═══ AVAILABLE DATA

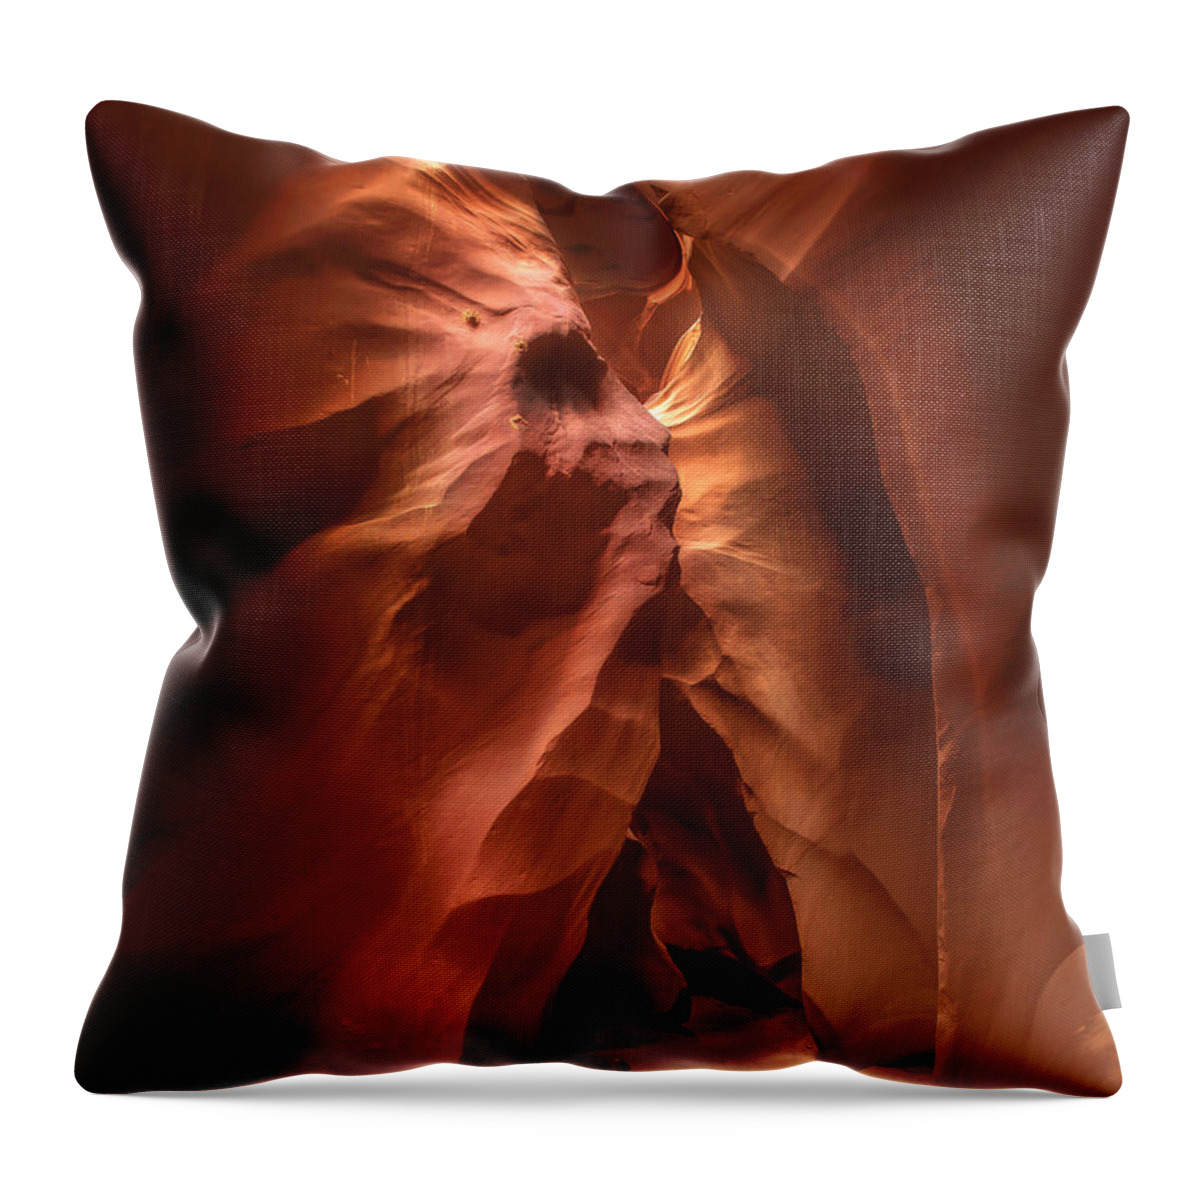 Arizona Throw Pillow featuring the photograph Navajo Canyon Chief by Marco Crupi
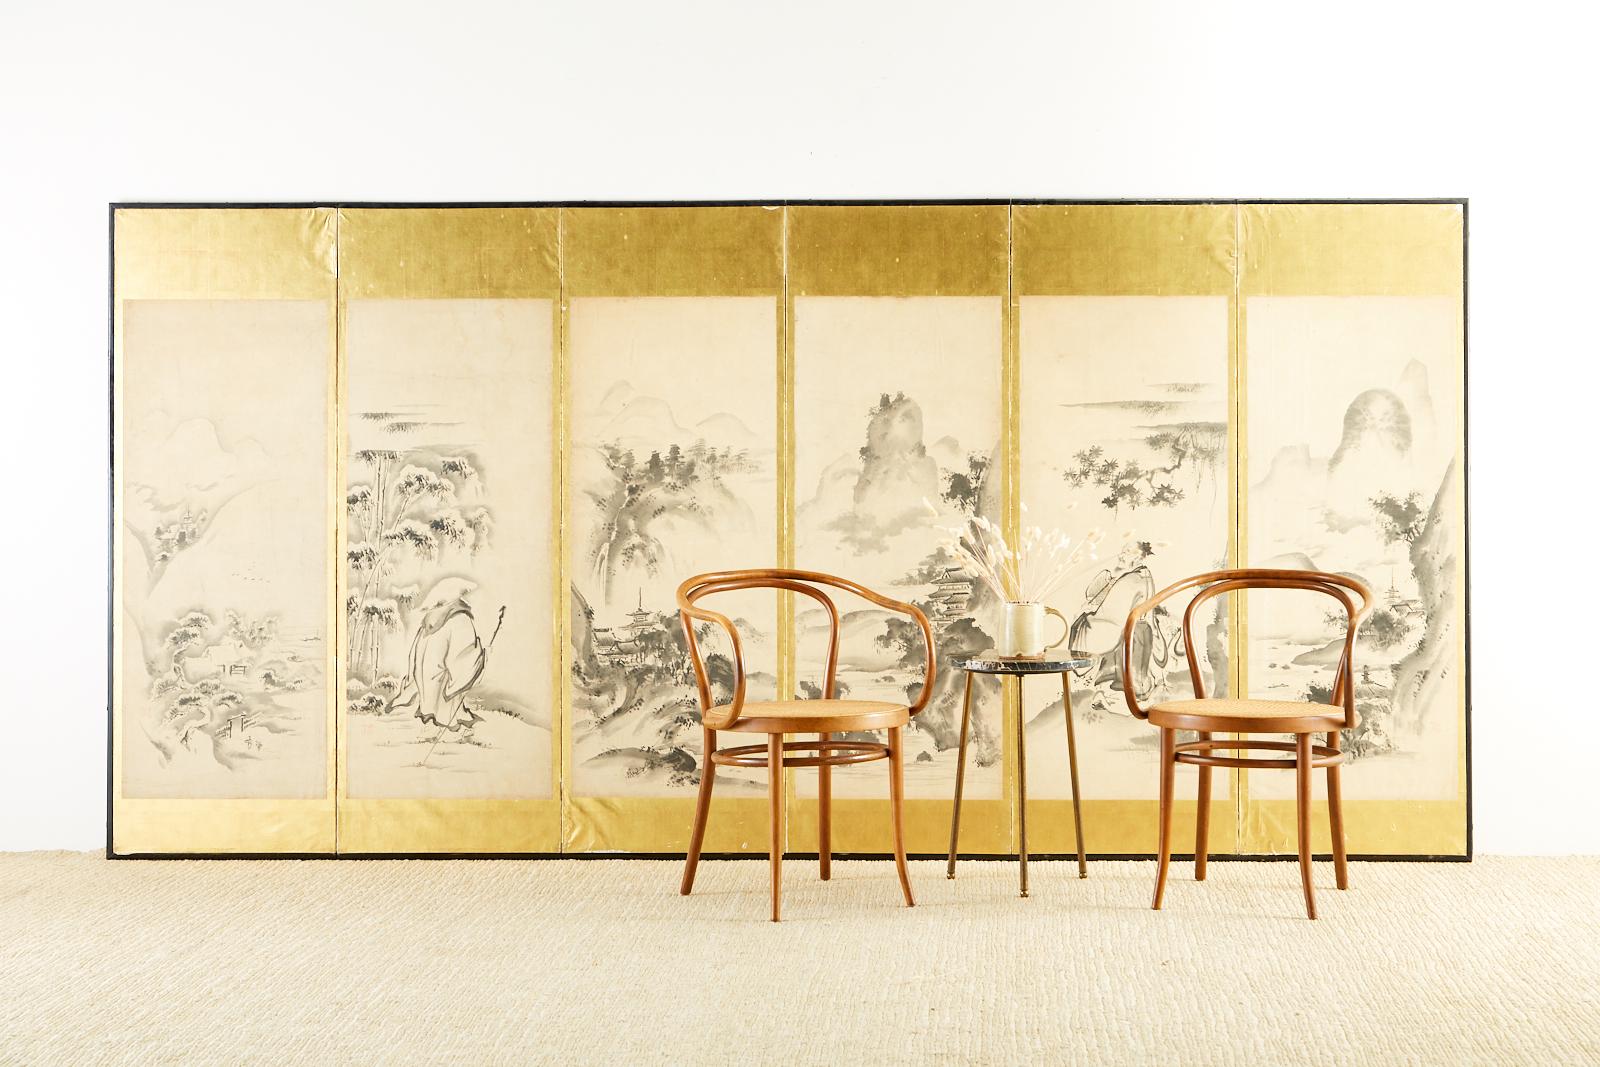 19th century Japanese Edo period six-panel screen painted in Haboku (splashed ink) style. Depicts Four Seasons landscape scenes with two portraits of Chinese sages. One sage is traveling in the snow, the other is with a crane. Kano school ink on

══════
═══ AVAILABLE DATA

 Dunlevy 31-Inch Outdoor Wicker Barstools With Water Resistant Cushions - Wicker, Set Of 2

══════

→ **EXERCISE PROMPT**
What you return must match the lines above from the one with "Arizona Throw Pillow" through the one with "19th century Japanese" exactly, with both ends included and the pictures excluded.

→ **THE ANSWER**
 Arizona Throw Pillow featuring the photograph Navajo Canyon Chief by Marco Crupi
 19th century Japanese Edo period six-panel screen painted in Haboku (splashed ink) style. Depicts Four Seasons landscape scenes with two portraits of Chinese sages. One sage is traveling in the snow, the other is with a crane. Kano school ink on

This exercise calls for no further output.